ETL Pipeline System (etl.rs & src/etl/)
Summary
The ETL (Extract, Transform, Load) system is the transformation engine of RiskFabric. It is responsible for converting raw, "bronze" level synthetic transactions into "silver" behavioral features and finally into a "gold" master table ready for machine learning. The system is designed to handle large datasets by leveraging Polars for local transformations and ClickHouse for large-scale joins and persistence.
Architectural Decisions
The system follows a Medallion Architecture (Bronze → Silver → Gold) to ensure data lineage and modularity.
- Bronze: Raw data as generated by
generate.rs. - Silver: Subject-specific feature engineering (Customer, Merchant, Sequence, Network, Campaign, and Device/IP). These are calculated using Polars' lazy evaluation for performance.
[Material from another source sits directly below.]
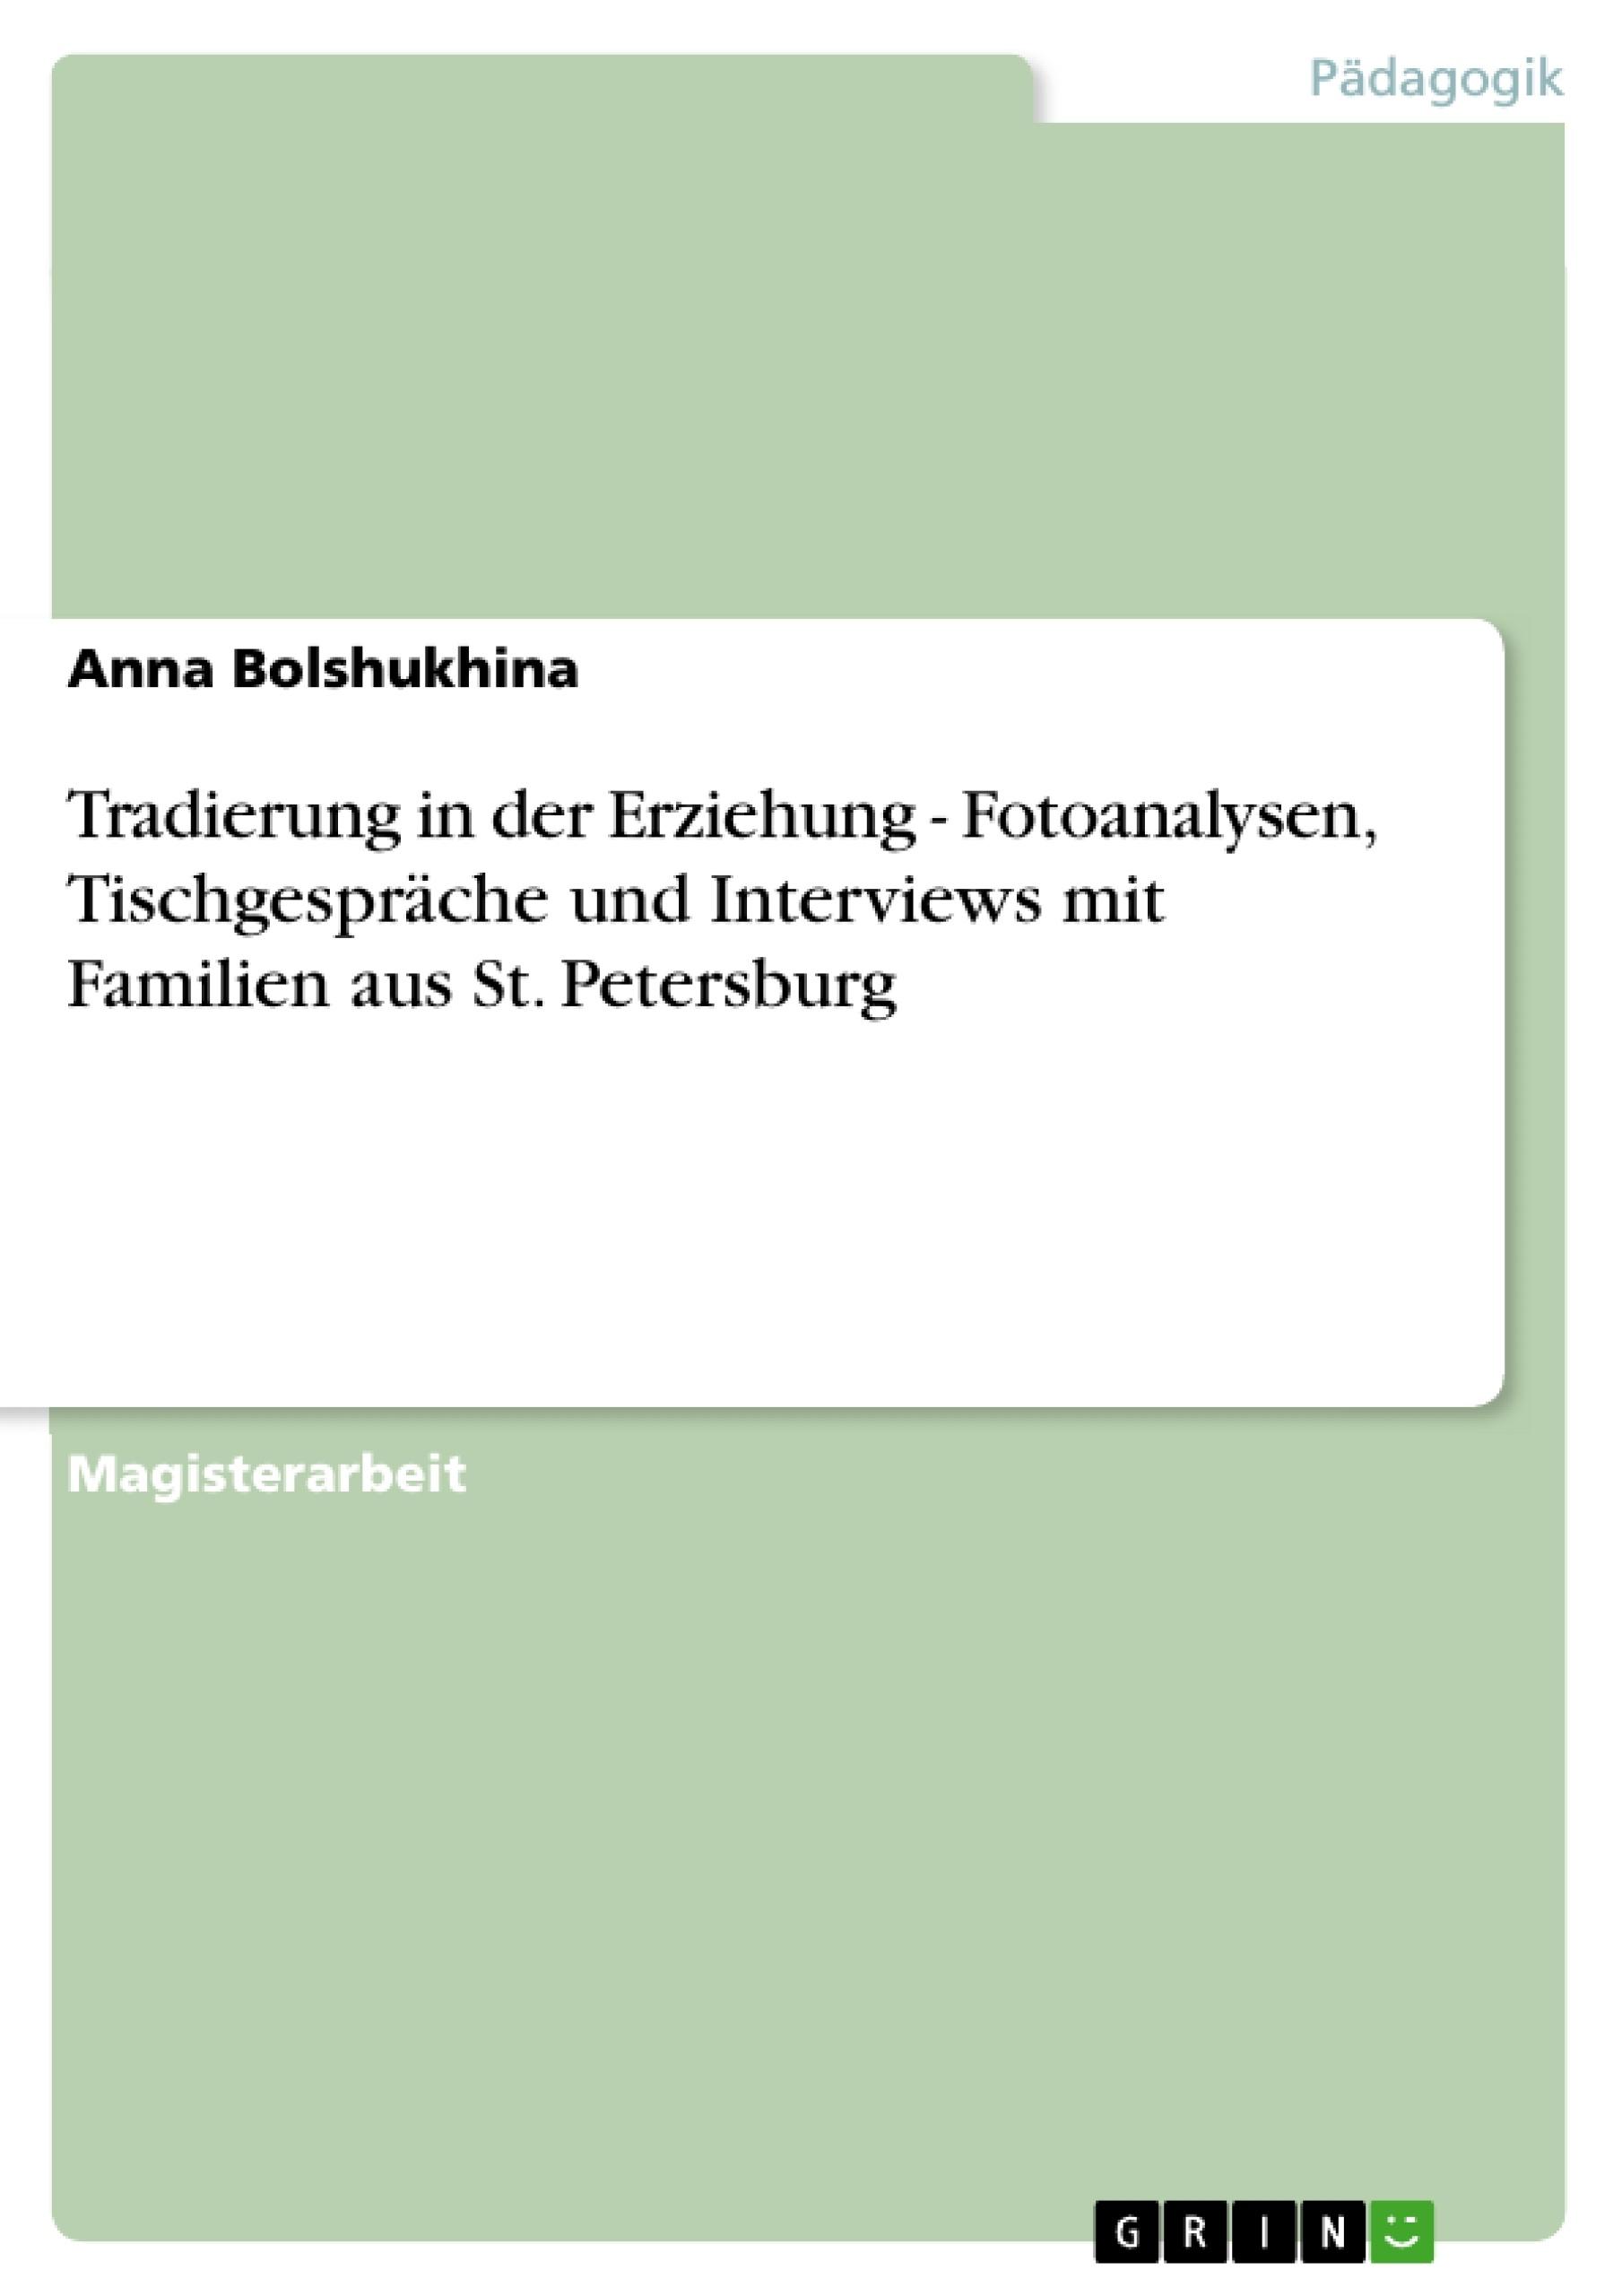 Titel: Tradierung in der Erziehung - Fotoanalysen, Tischgespräche und Interviews mit Familien aus St. Petersburg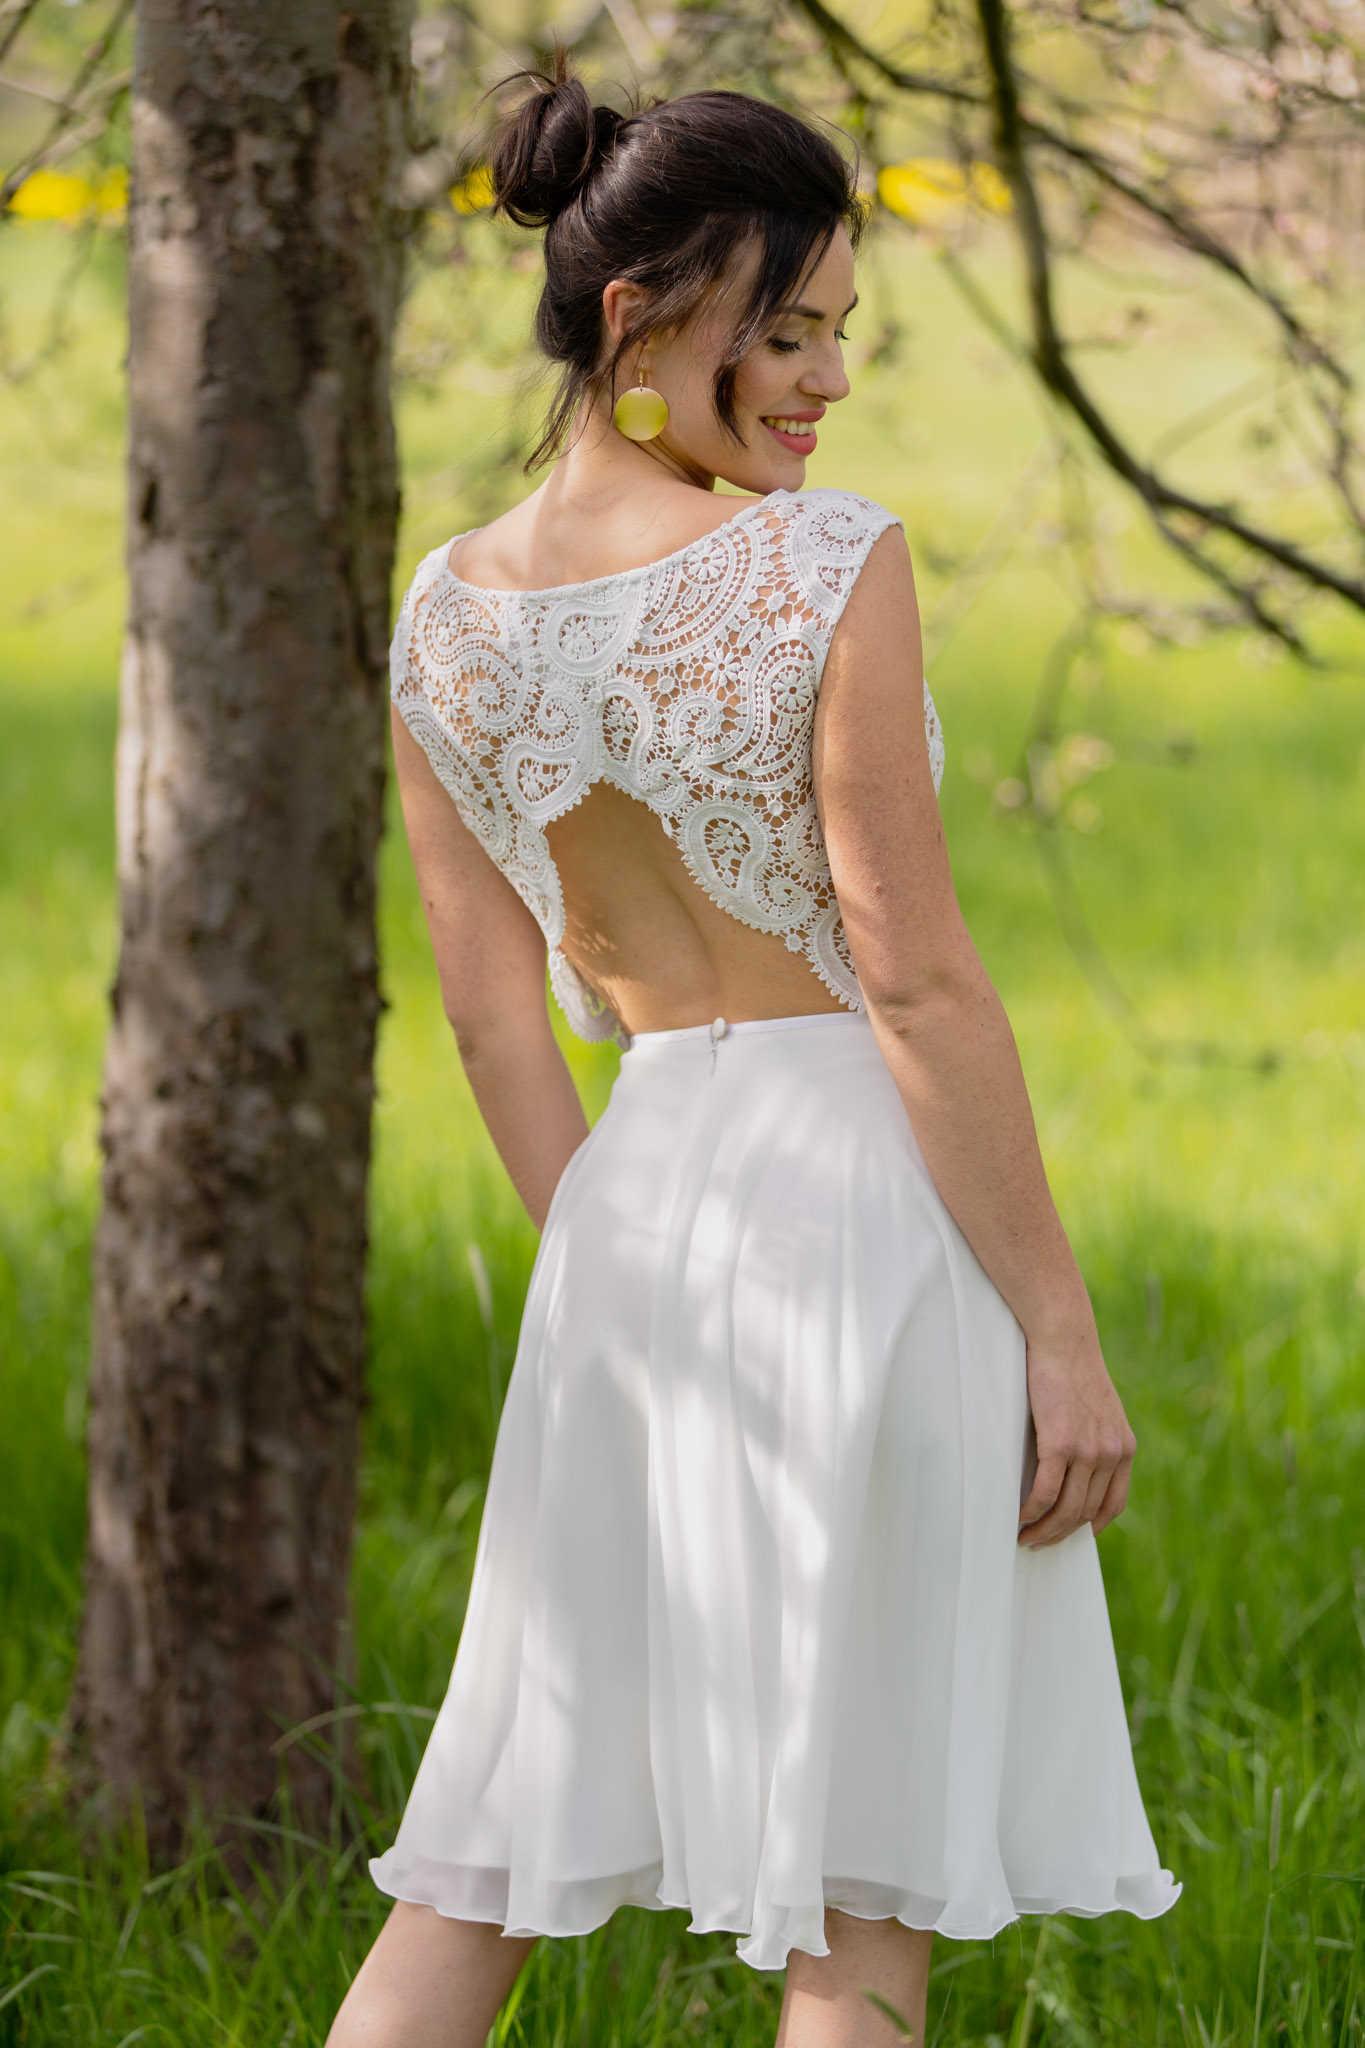 Brautkleid kurz aus Chiffon mit Spitzen-Top: Hortensia

- Gold: The final flattened "master" table.
A key design choice is the Hybrid Execution Model. While the feature logic is implemented in Rust using Polars, the pipeline orchestrates data movement between ClickHouse (the primary warehouse) and local memory via Parquet. This allows complex, stateful calculations in Rust (like Welford's algorithm for running variance) that are difficult to express in pure SQL, while still using ClickHouse for efficient storage and final broad joins.
System Integration
The ETL system acts as the connective tissue between the Data Generation layer and the Machine Learning layer. It reads from ClickHouse tables (populated via ingest.rs), performs transformations, and writes the results back to ClickHouse. The final fact_transactions_gold table is the direct source for the Python-based training pipeline.
Known Issues
The system currently uses podman exec calls to interact with ClickHouse from within the Rust binary. This approach depends on the local environment's container runtime and shell availability. Transitioning to a proper ClickHouse client library (like clickhouse-rs) will make the pipeline more portable and robust. Additionally, the GoldMaster stage is currently implemented as a raw SQL join in ClickHouse, which duplicates some of the logic found in gold_master.rs. Unifying these two approaches will ensure the batch and streaming feature definitions remain consistent.